La jeune fille et la mort

J’ai dans la tête un morceau de Schubert : « la jeune fille et la mort ». Et je repense à ces moments passés à espérer autre chose que la misère pour mes semblables et moi-même. Et pour toutes ces jeunes filles en fleur que j’ai connues, croisées, aimées. Parfois dans le malheur. Mais malgré les risques de chagrins inéluctables, parfois l’espace d’un jour, parfois l’espace d’une seconde, j’abandonnais tous mes rêves de grandeur pour l’insouciance d’une journée passée sous le soleil immense de la langueur. Depuis, ma faiblesse a fait que je n’y ai pas changé grand-chose, et que je reste inapte au bonheur. Je ne puis donc rien regretter – tout autant de mes égarements que de mes échecs. Mais ceux des autres, leurs malheurs et leurs douleurs, puis-je les ignorer ? Non.

Alors il me vient cette idée de me battre. Me battre contre l’ignominie, contre tout ce nazisme ambiant, tout ces tocards qui nous gouvernent et nous commandent. Ces tocards qui nous commandent : chacun peut en faire chaque jour le tour.
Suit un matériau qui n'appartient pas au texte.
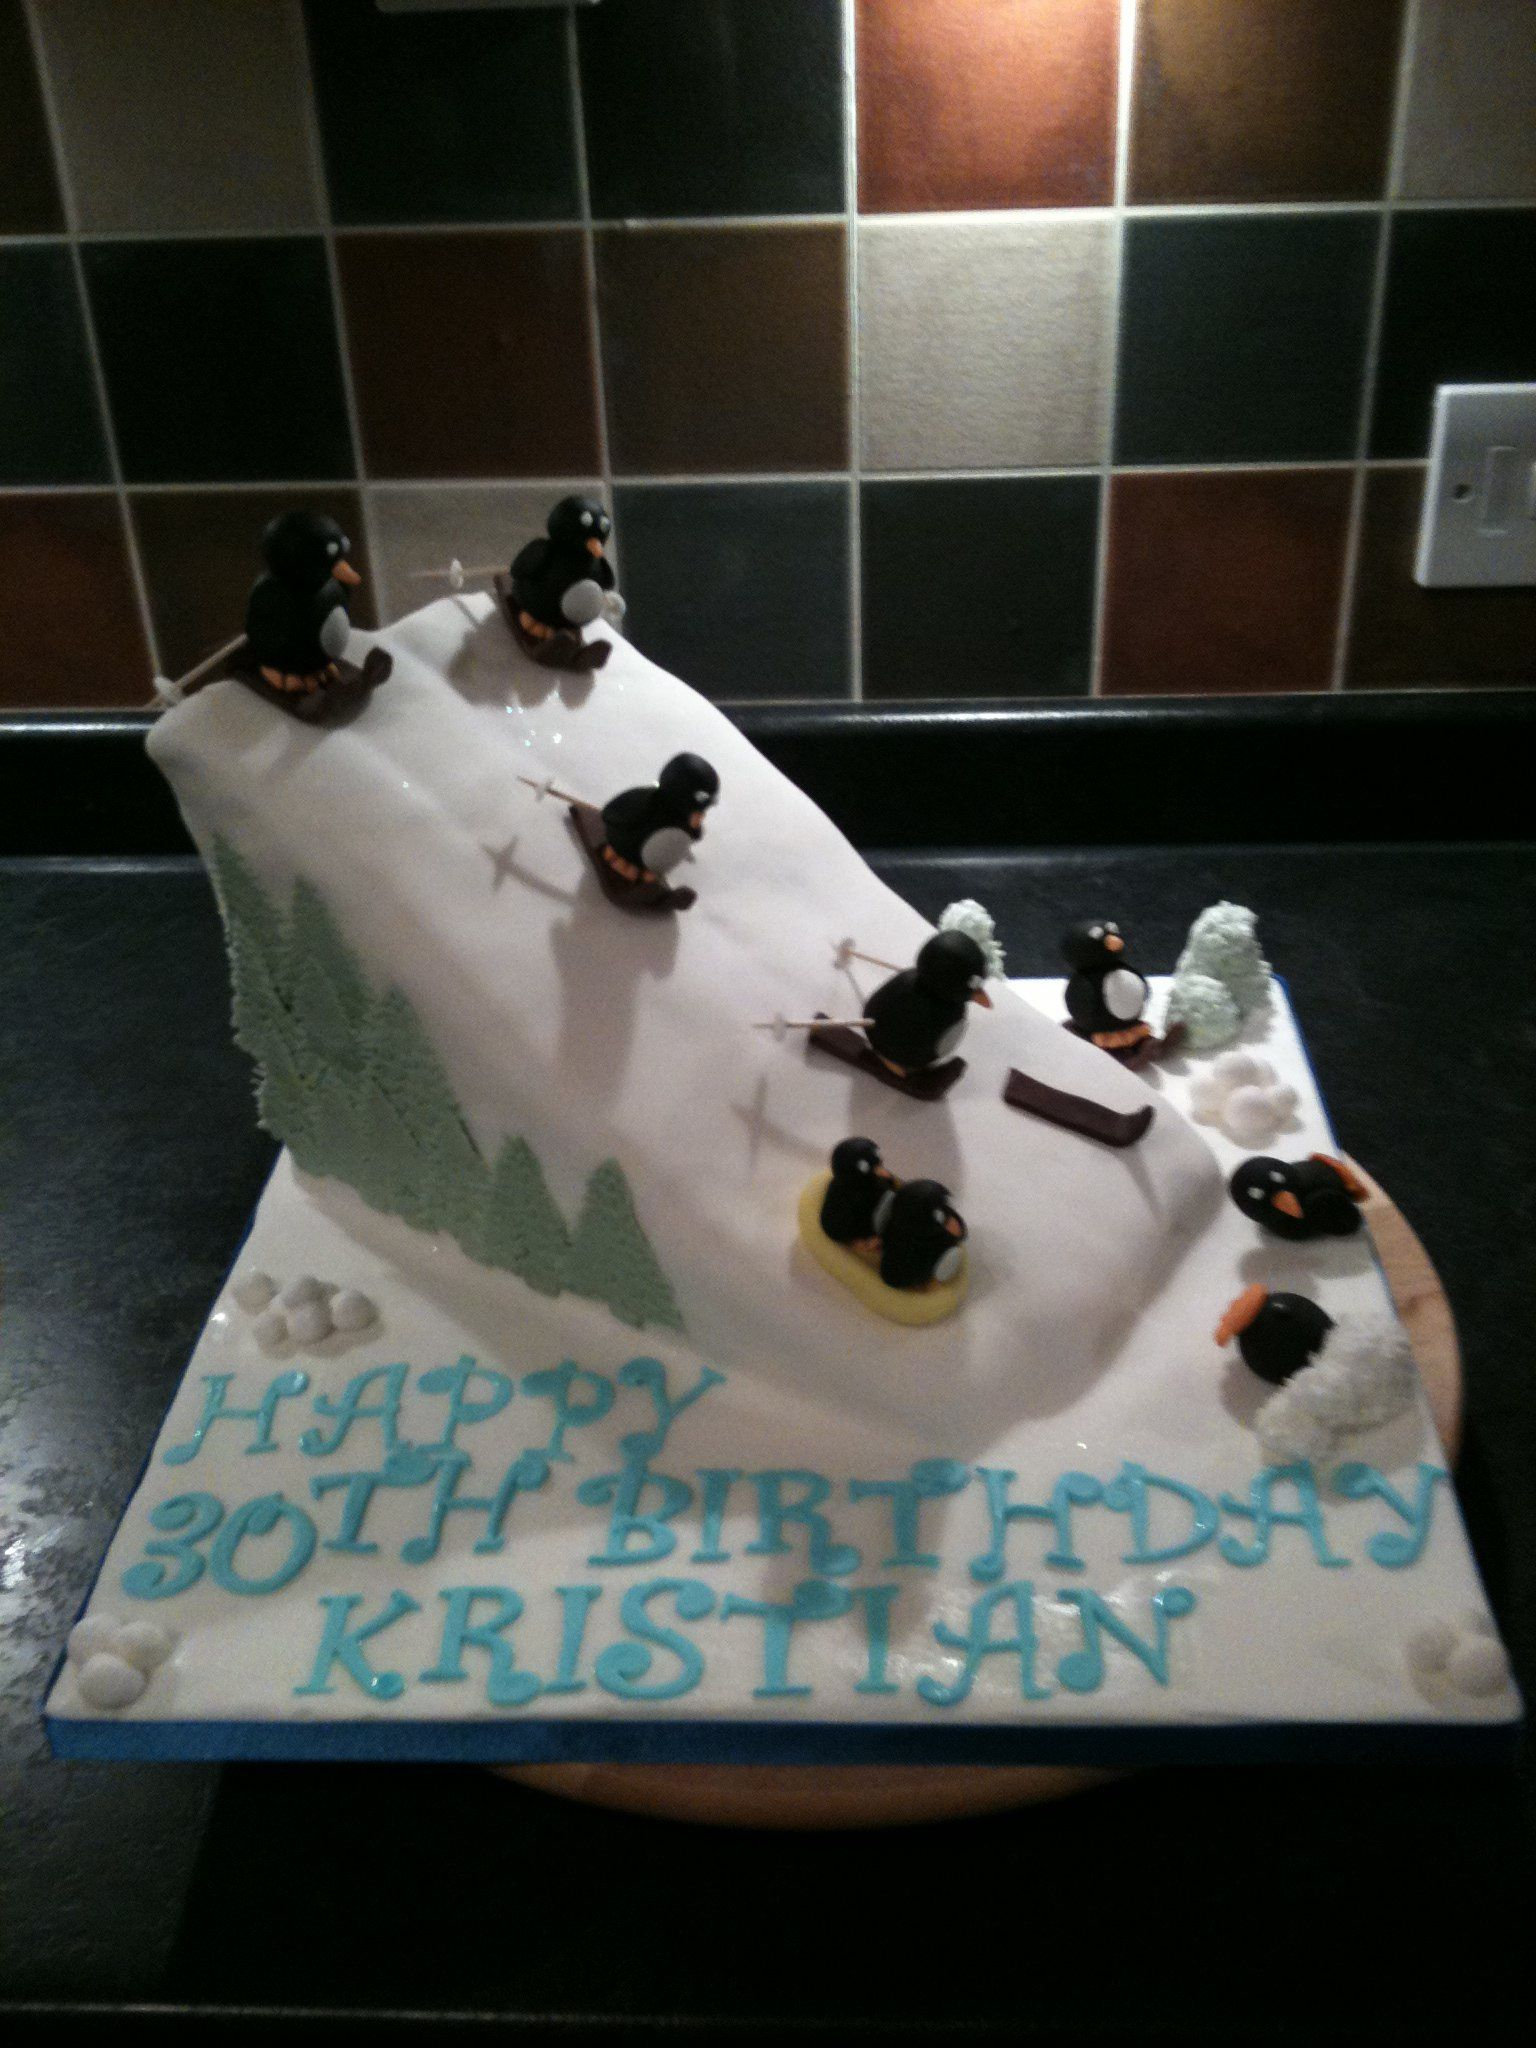 Penguin Ski And Snowboarding Slope Cake The Best Of Both Worlds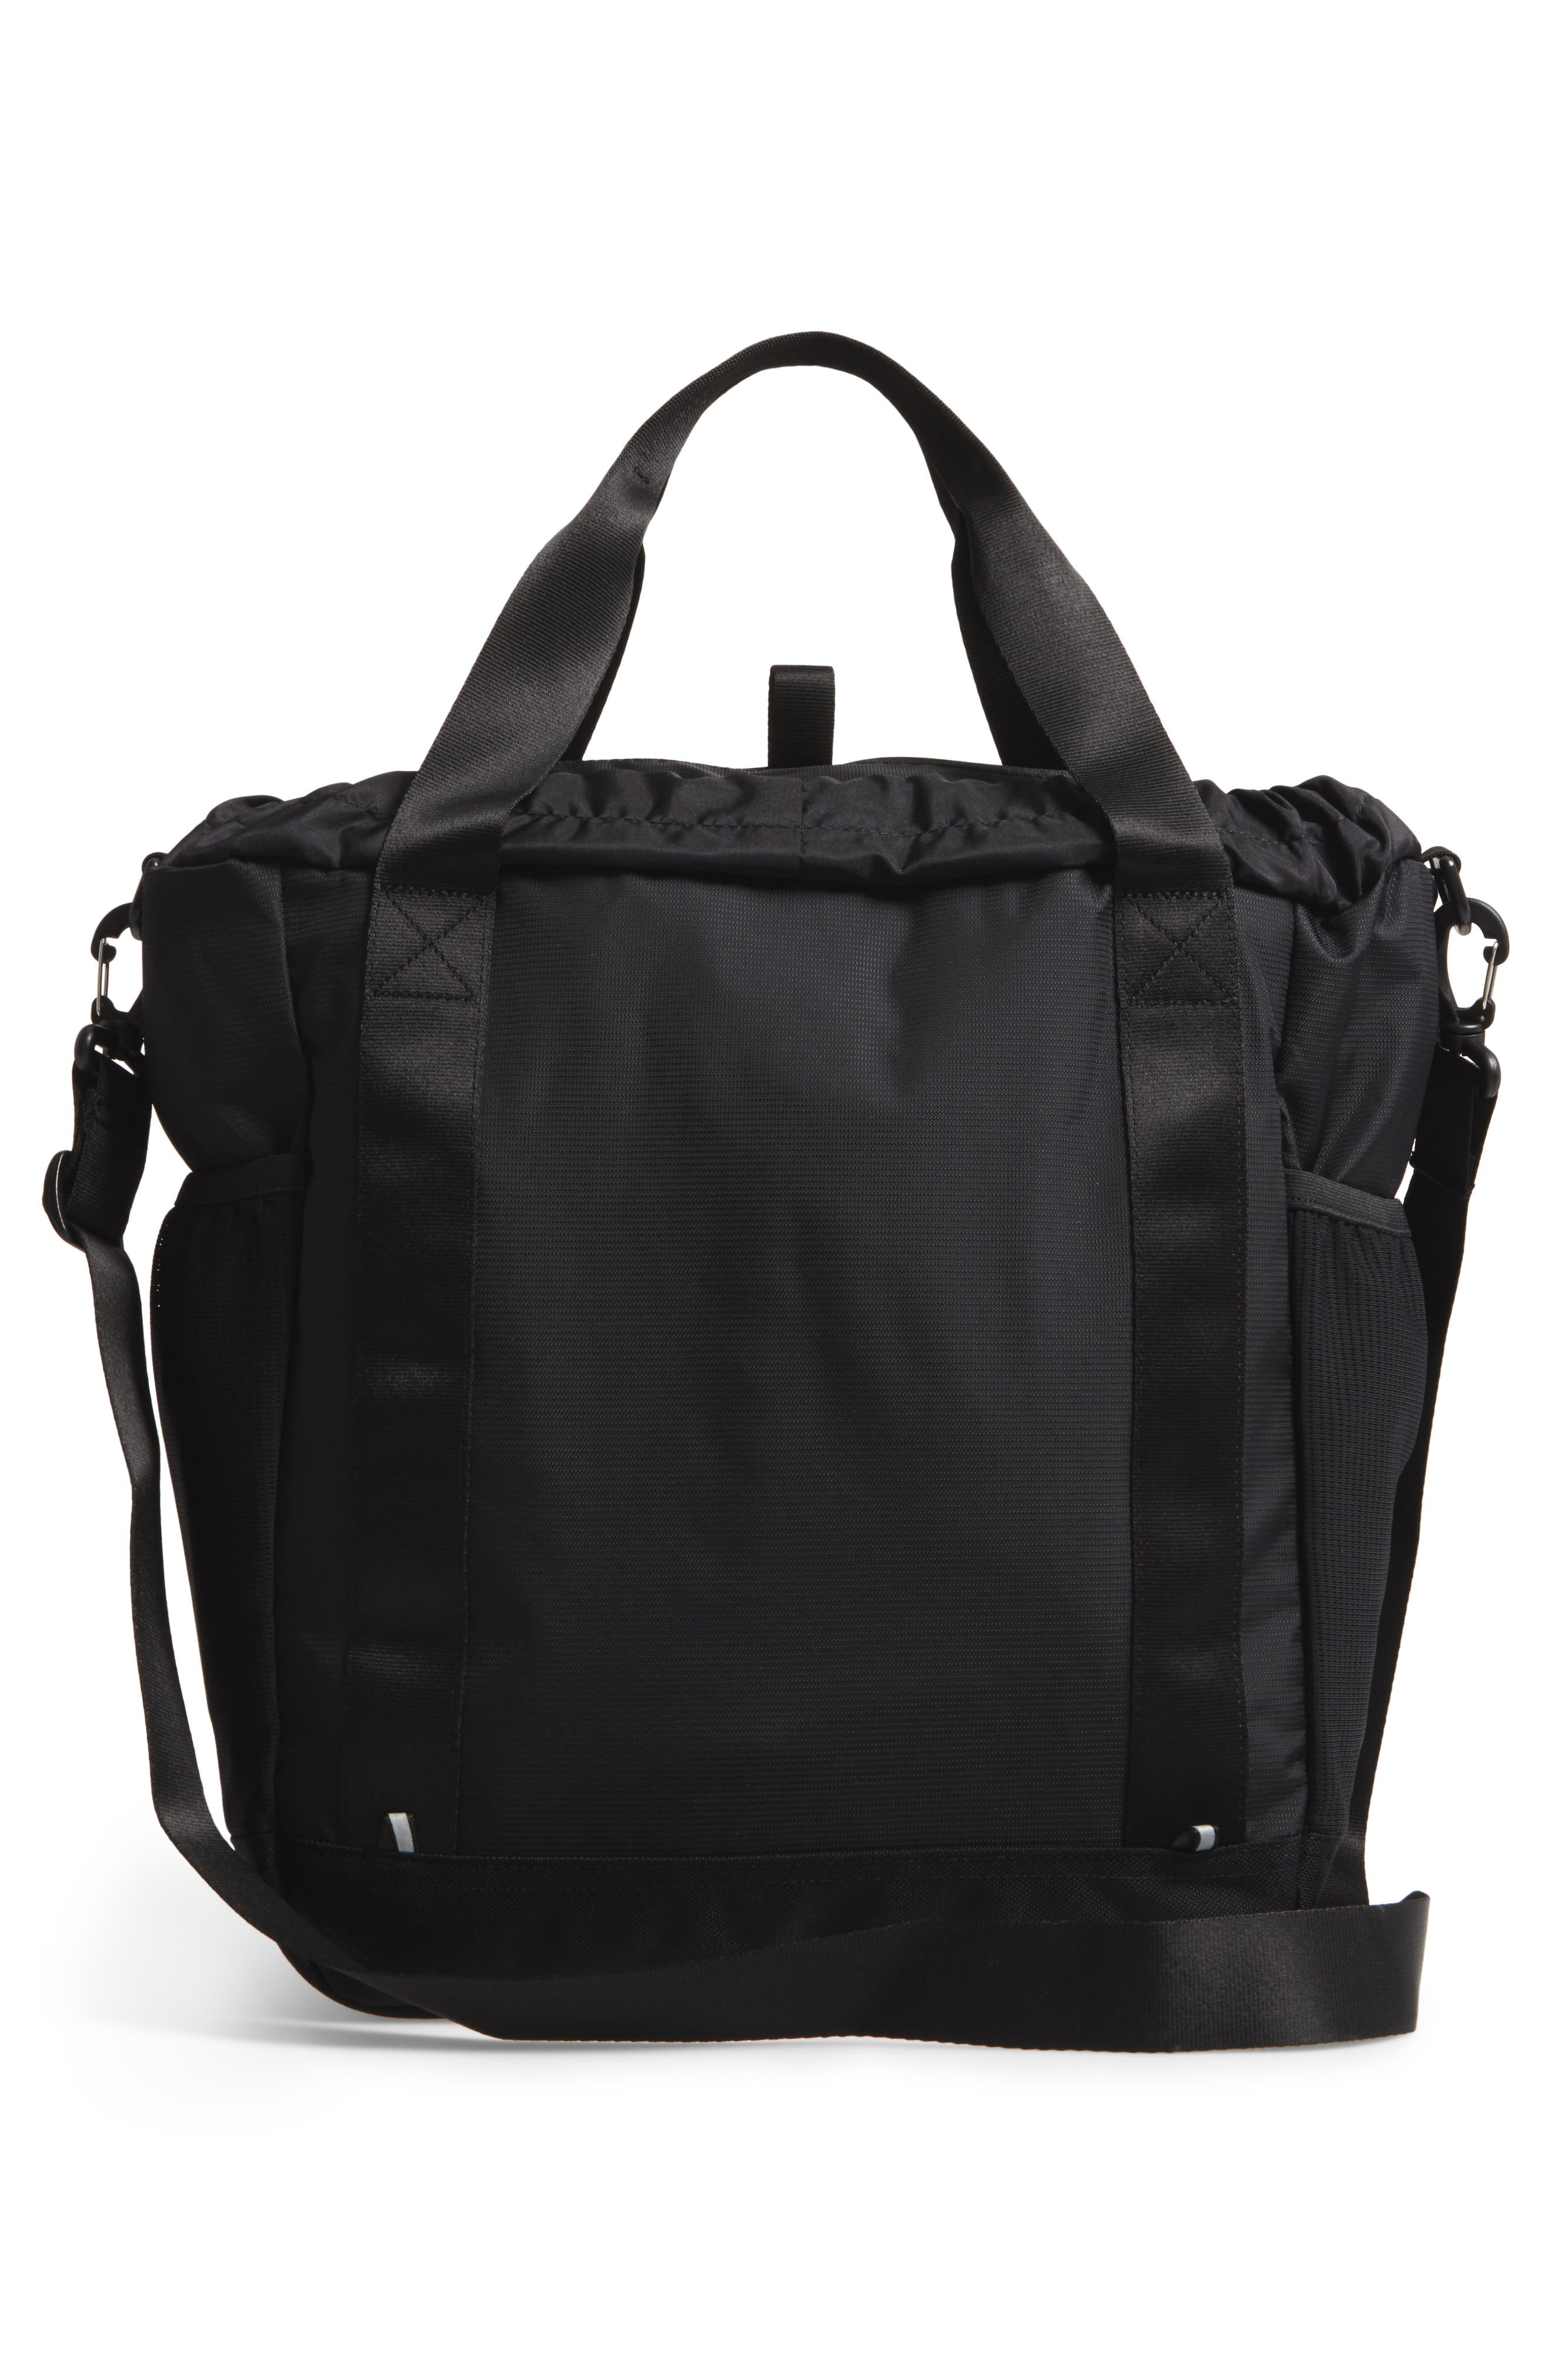 Barnes Trail Tote Bag,                             Alternate thumbnail 3, color,                             BLACK

Mais constamment ? Est-ce réellement tenable de se laisser mourir pour la paix du bourgeois bienveillant ? Faut-il appeler au crime ? Faut que celui qui reste notre prochain, malgré le fait qu’on l’exècre, meure de notre envie de faire justice pour les innocents dans l’incapacité de se défendre ? Ou bien faut-il se tuer soi-même ? C’est ici, toujours, notre extrémisme qui empêche notre folie. Puisque ce que j’écris là je ne puis décemment l’écrire sans me justifier, sans que la violence des mots ne me soit encore reprochée, sans que l’on me condamne pour homicide envers moi-même. Ou pour incitation au suicide collectif. Aucun jour pourtant ne se fait sans ce que j’appel la belle démonstration de l’homme en blanc, mon curé de campagne favoris : « tu te dois, gamin, de mourir à toi-même, mais non point vouloir que l’on te tue par désespoir ou par folie d’aimer ! ». La belle démonstration que déjà l’on opposait à Goethe dans ces « souffrances du jeune Werther ». Comme à chaque époque, en 1774, il ne faisait pas bon vouloir mourir, ne serait-ce que d’amour. Ou simplement, à force de misère visible, vouloir sauver celui qui reste encore un temps.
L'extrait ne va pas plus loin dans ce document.